The second successor Empire was Napoleon's Empire of the French. As the most successful general of the French revolution, Napoleon made himself dictator of France in 1799. In imitation of Classical Rome, he took the title of First Consul. In 1804, he followed the lead of that earlier Emperor of the Franks, Charlemagne, by being crowned Emperor in Rome. Pointedly unlike Charlemagne, however, he took the crown from the Pope and placed it on his own head himself. In 1809 he annexed the Papal States, bringing Rome into his Empire. His Empire reached its height in 1812 as shown above. The stippled areas were mostly ruled by members of Napoleon's family. Of the great powers, only Britain and Russia remained in opposition to him. In 1812 he marched east with an army of half a million men to bring the Czar into line. This campaign was a disaster, and the next year all of Europe rose against him. With his final defeat in 1815, Napoleon's Empire crumbled to nothing. Yet at its height, it was well comparable to Charlemagne's Empire 1000 years before, as shown below.
 

< Charlemagne's Empire in 812


> Fascist Empire in 1942

The third successor Empire was Mussolini's Fascist Italian Empire (1922-1943). It was named after the Fasces, a bundle of sticks symbolizing authority in the ancient Republic of Rome. Mussolini portrayed himself as the new Julius Caesar, and then the new Augustus. Around the turn of the century the kingdom of Italy had taken Libya and Somalia (south of this map) in Africa. Mussolini's only real success at Empire building was his annexation of Ethiopia (south of this map) in 1936 and Albania in 1939. In the Second World War, Italian forces were at first humbled by the Greek army. The Italians were able to annex (solid) or occupy (stippled) the European territories shown above only with German assistance. Just one year later Italy was invaded by the British and Americans, and Mussolini overthrown.  At its height, the Fascist Italian Empire plus the areas in occupied was comparable to the Republican Roman Empire in 146 BC, when it had just become indisputably the greatest power in the northern Mediterranean. The map for this time, which is not reproduced anywhere else in this site, is shown below.
 

< Roman Empire in 146 BC



> Greek Kingdom in 1921

The last state shown does not strictly belong, as it was not an Empire, and did not contain New Rome. However, I could not resist showing the Greek Kingdom in 1921. This was after the First World War, when the Ottoman Empire was on the losing side.

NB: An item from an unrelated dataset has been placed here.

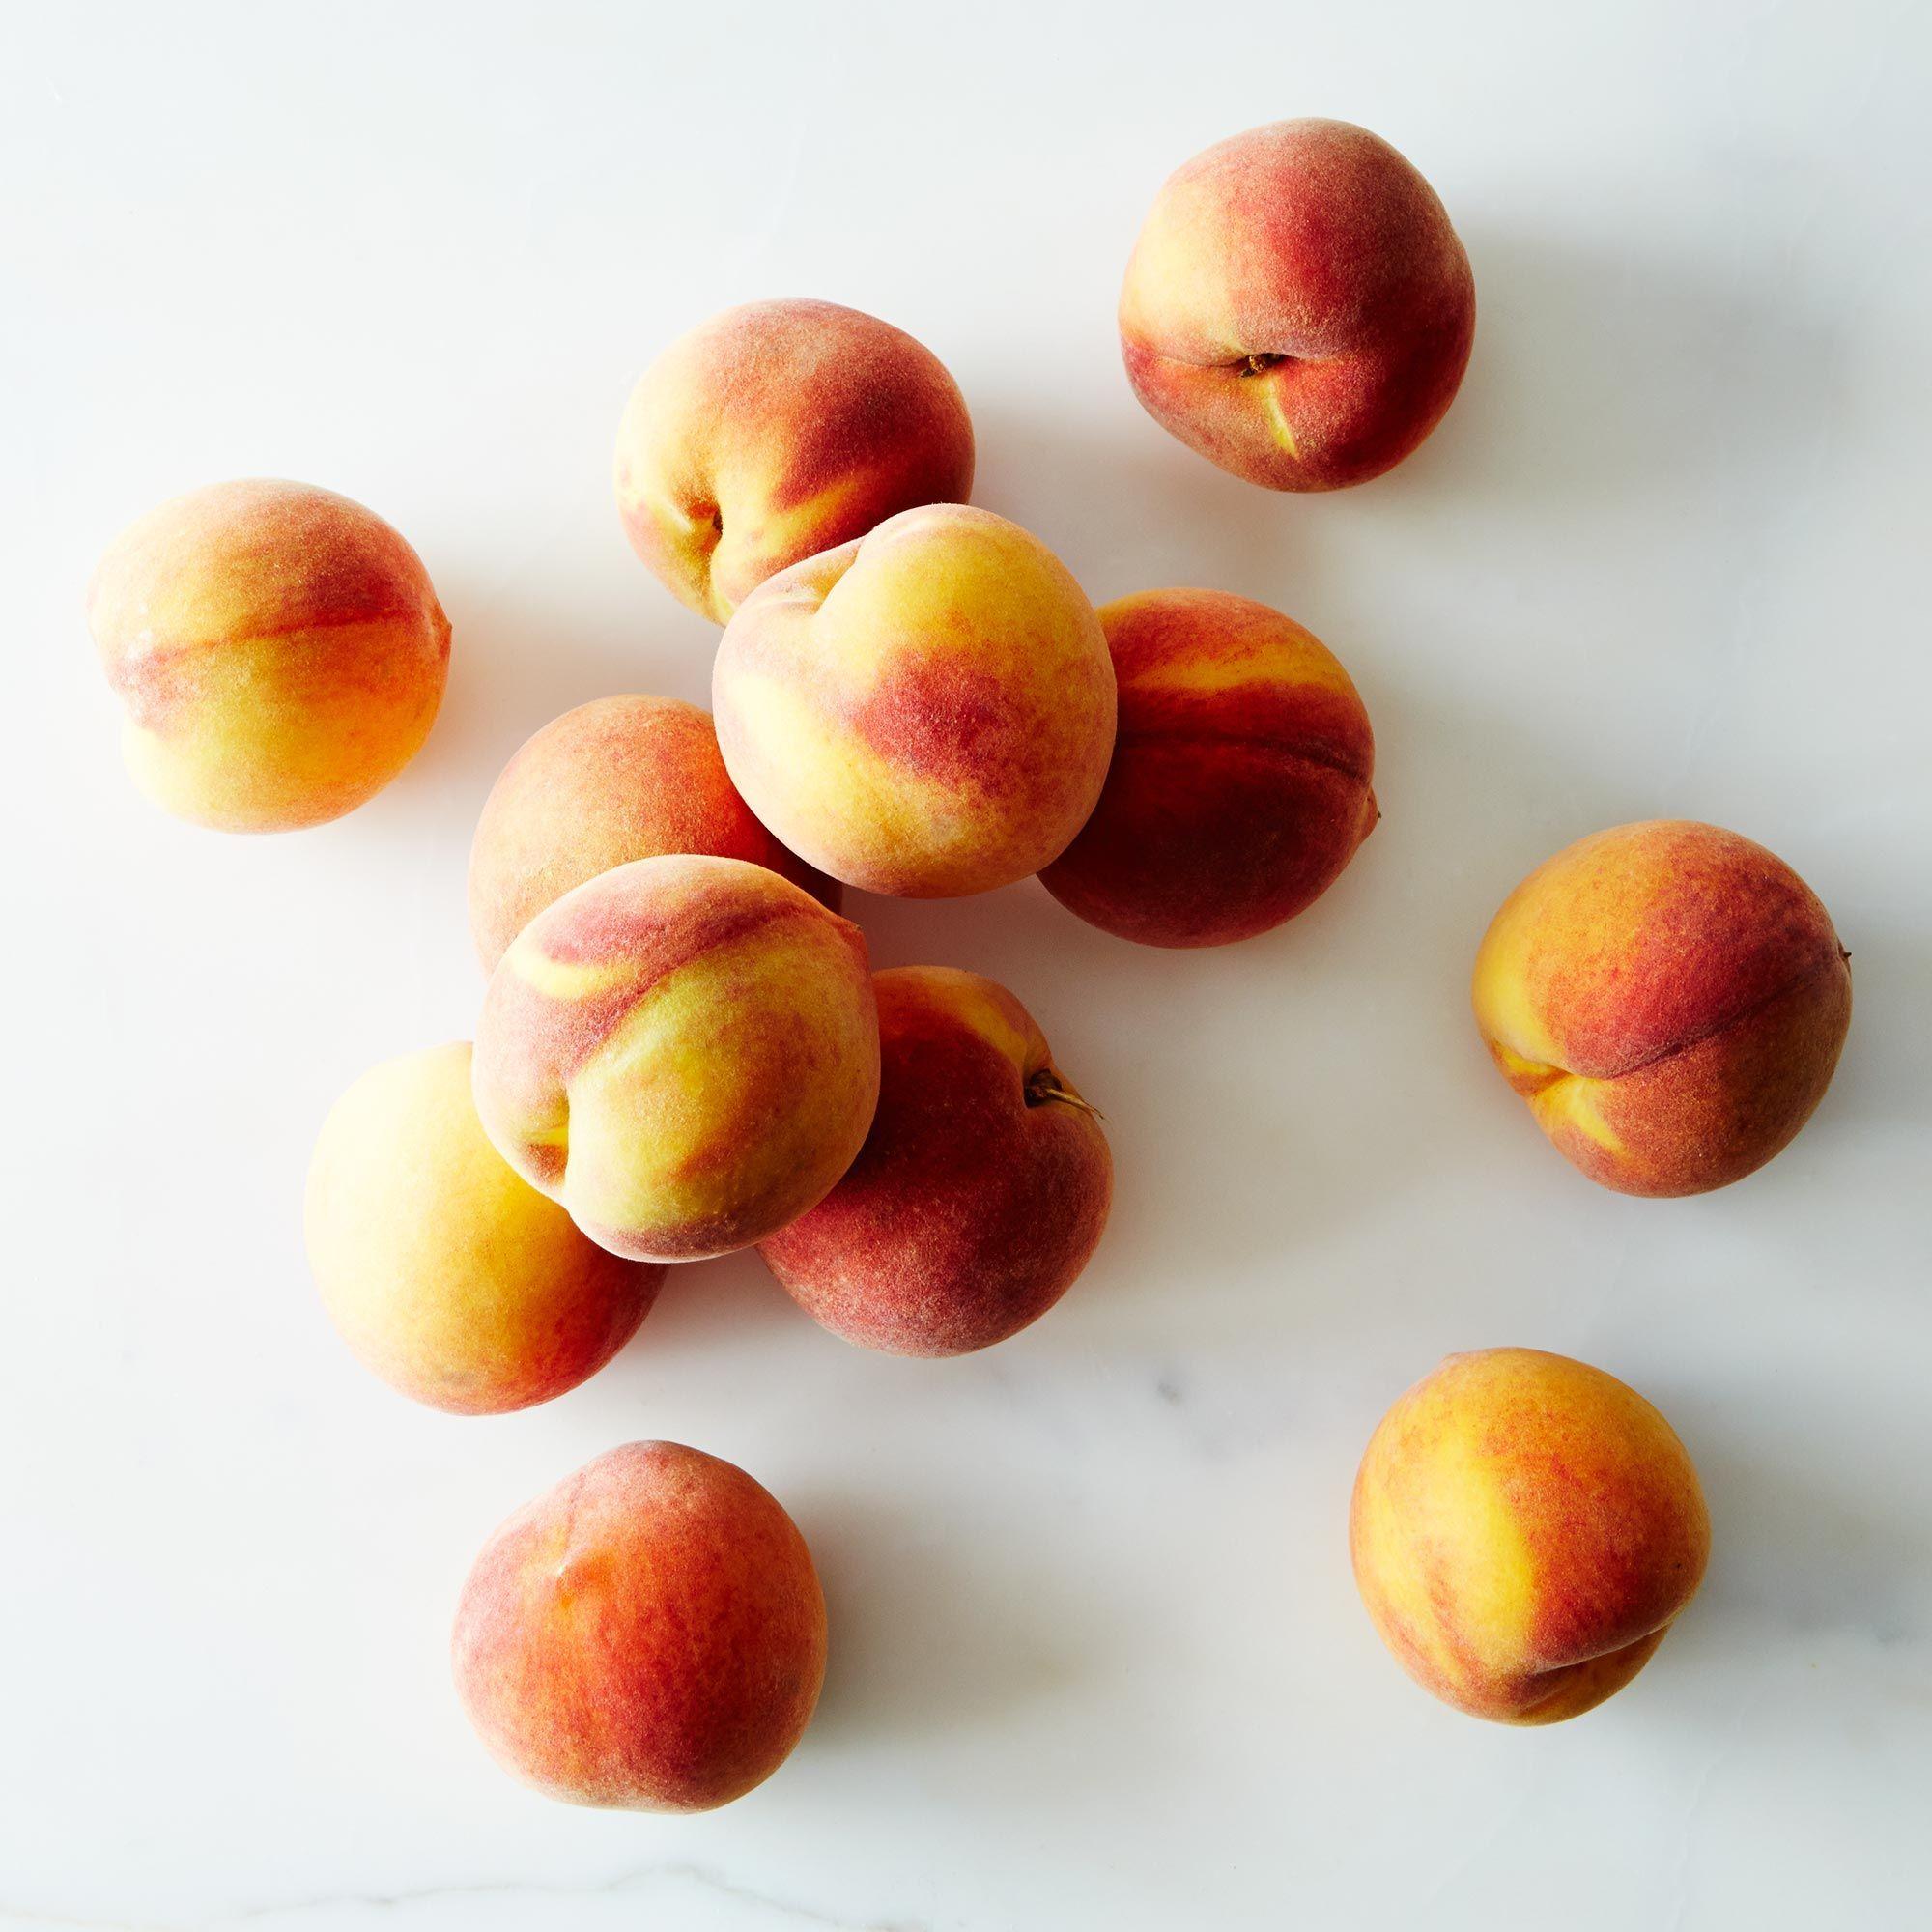 43521ebe a0f6 11e5 a190 0ef7535729df  2014 0625 frog hollow farm organic peaches 5lb 023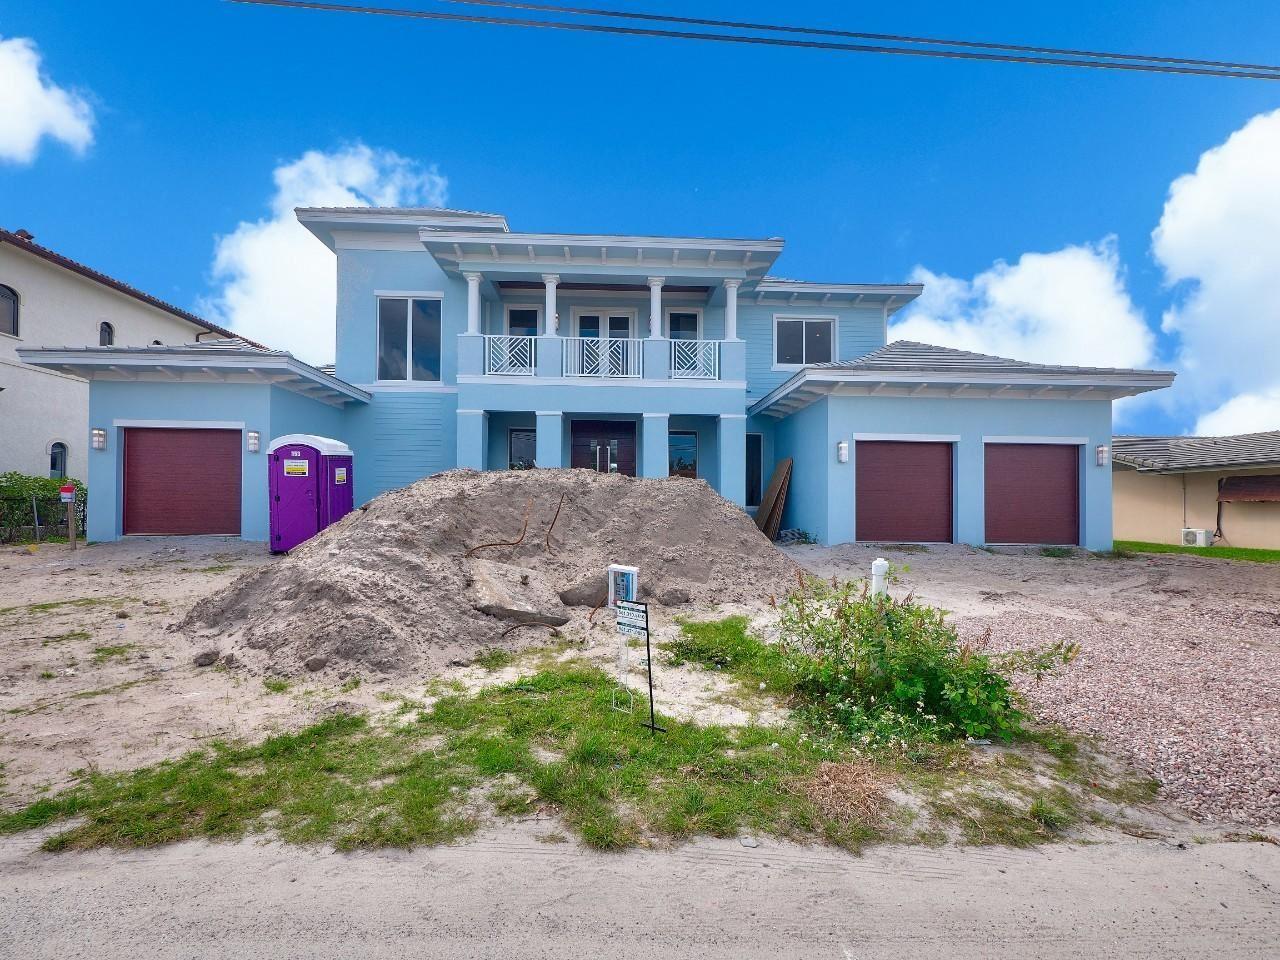 Photo of 1161 Coral Way, Singer Island, FL 33404 (MLS # RX-10623201)

Its territories south of Anatolia and Armenia had already been lost to British and French forces, and much of its other territories occupied by the Allies (Britain, France, Italy and Greece). In 1920 the Allies decided to recreate a large Armenian state, give Smyrna and its hinterland to Greece, and make Constantinople and the straits an international area. The Ottoman Sultan agreed to these terms, but nationalist Turks refused to accept this further loss of territory. In the ensuing civil war, Greece saw its chance to recreate a Greek state encompassing western Anatolia as well as European Greece. By 1921 Greek forces controlled the area shown above (also including southern Albania, which was occupied 1918-23). With the notable exception of Constantinople, almost all of the area held by the Byzantine Empire before its collapse in 1204  was briefly under Greek control again. (The map below which shows this is not reproduced elsewhere in this site.) But the nationalist Turks under Kemal (later Attaturk) won their civil war, and by 1923 had beaten the Greek army and negotiated the withdrawal of the other Allied forces. Following this, both sides expelled their ethnic minorities, so that western Anatolia became overwhelmingly Turkish for the first time, and the southern Balkans (apart from Istanbul and its hinterland) overwhelmingly Greek. There was to be no Byzantine restoration, and no demographic justification for one in the future.